Likelihood-ratio test
Assumption: rq nested within .

 LR chi2(1) =   2.06
Prob > chi2 = 0.1512
> mf <- height ~ age + age2 + age3 + age4 + sc
> m0 <- lm(mf, data = oxboys)
> m1 <- lme(mf, random = ~ 1 | id, data = oxboys, method = "ML")
> cat("0 vs 1", "L.Ratio = ", 2*(logLik(m1) - logLik(m0)),"\n")     
0 vs 1 L.Ratio =  712.3291 
> m2 <- update(m1, random = ~ age | id, method="ML")
> m3 <- update(m2, random = ~ age + age2 | id)
> m4 <- update(m3, correlation = corCAR1(form = ~ age | id))

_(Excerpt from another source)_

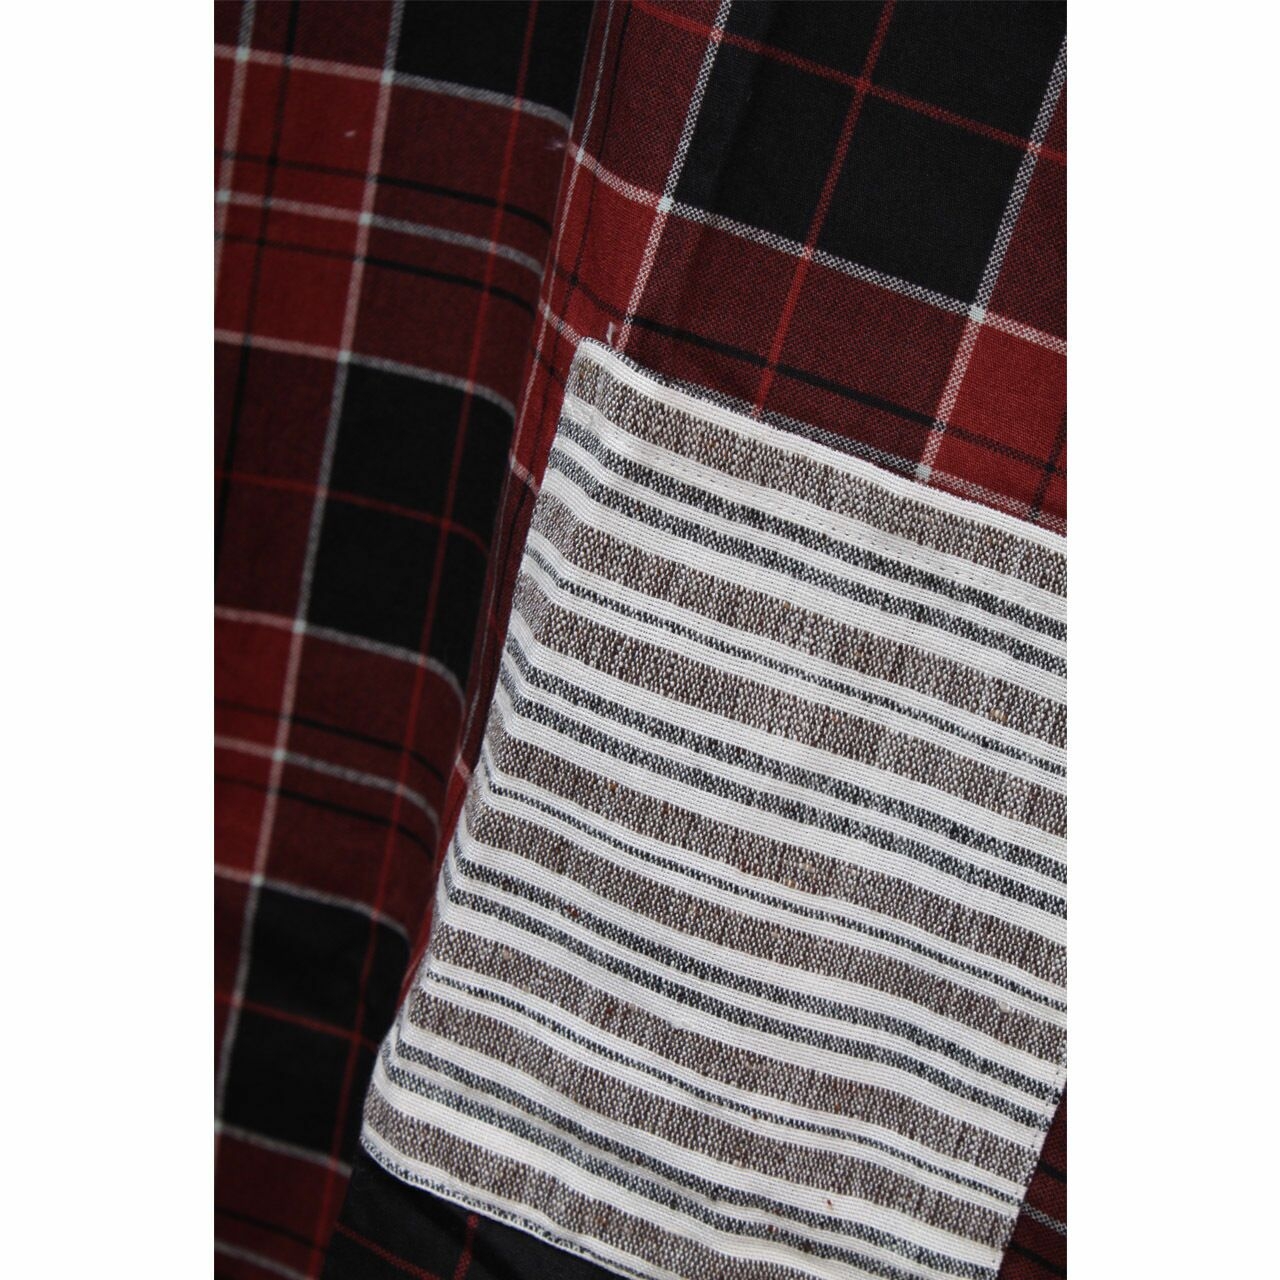 Lekat Dua Maroon Geometric Checkred With Pockets Midi Dress [L]

> anova(m1, m2, m3, m4)   
   Model df      AIC      BIC    logLik   Test   L.Ratio p-value
m1     1  8 943.2427 970.8853 -463.6213                         
m2     2 10 686.5144 721.0677 -333.2572 1 vs 2 260.72824  <.0001
m3     3 13 639.5809 684.5001 -306.7905 2 vs 3  52.93350  <.0001
m4     4 14 639.5205 687.8950 -305.7602 3 vs 4   2.06045  0.1512

All tests are on a boundary of the parameter space and thus are conservative. They are all significant except for serial correlation.